Article 23, paragraph 2, provides relief to double taxation for residents of Germany by excluding
from the basis upon which German tax is imposed any item of income from sources within the
United States that may be taxed [in the] United States. Taxpayer argues that the tax on royalties
would result in double taxation because such royalties are taxed in Germany per Article 12. . . .
[Under Article 12, royalties are taxable in the United States if the Taxpayer has a] permanent
establishment in the United States. Taxpayer . . . maintains a permanent office [out-of-state]. . .
. That being the case, Taxpayer should be able to exclude that income taxed by Washington
from its German tax base, thus avoiding double taxation. [Furthermore, the treaty does not cover
Washington’s tax on royalties (or any state or local tax, for that matter), and thus, implicitly, the
treaty permits taxation of royalties by Washington under Washington’s tax system.]
. . .
Taxpayer’s petition as to this issue is denied.

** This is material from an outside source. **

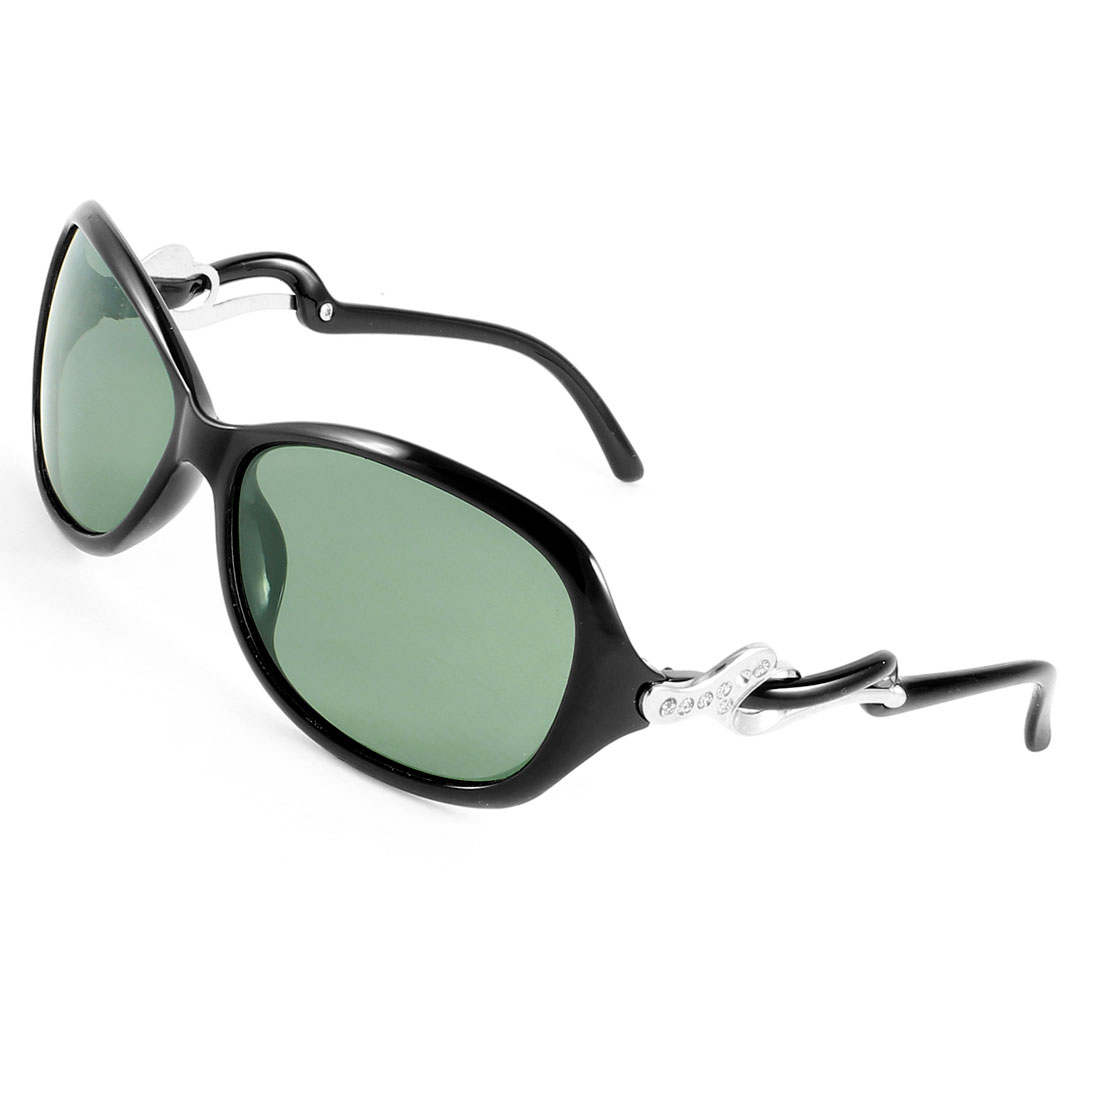 Ladies Women Glitter Powder Decor Full Rim Eyeglasses Polarized Sunglasses Black

As a final matter, Taxpayer, both in correspondence dated November 10, 2014, and in the
teleconference, indicated that Audit mistakenly taxed the wrong German entity. In response to
the petition, Audit stated:
During the audit examination records were requested regarding the recipient of royalty
payments from various affiliates. This entity was registered and the assessment issued
when the business did not voluntarily complete a Master Business Application form. Any
errant information on the name can be easily rectified if additional information is
provided to the Department. The business can update this information online at
http://bls.dor.wa.gov/ .
The adjustments and legal entity indicated in this assessment are based on information
provided by . . . with [Taxpayer]. No additional information has been provided to the
audit division to correct this alleged error.
This assessment was based on information provided by Taxpayer to the Department. Because
Taxpayer has failed to identify the entity that it claims received the royalty income or provide
any records to substantiate its claim that the royalties were received by a different entity, we
deny the petition.
DECISION AND DISPOSITION
Taxpayer's petition is denied.
Dated this 11th day of September, 2015.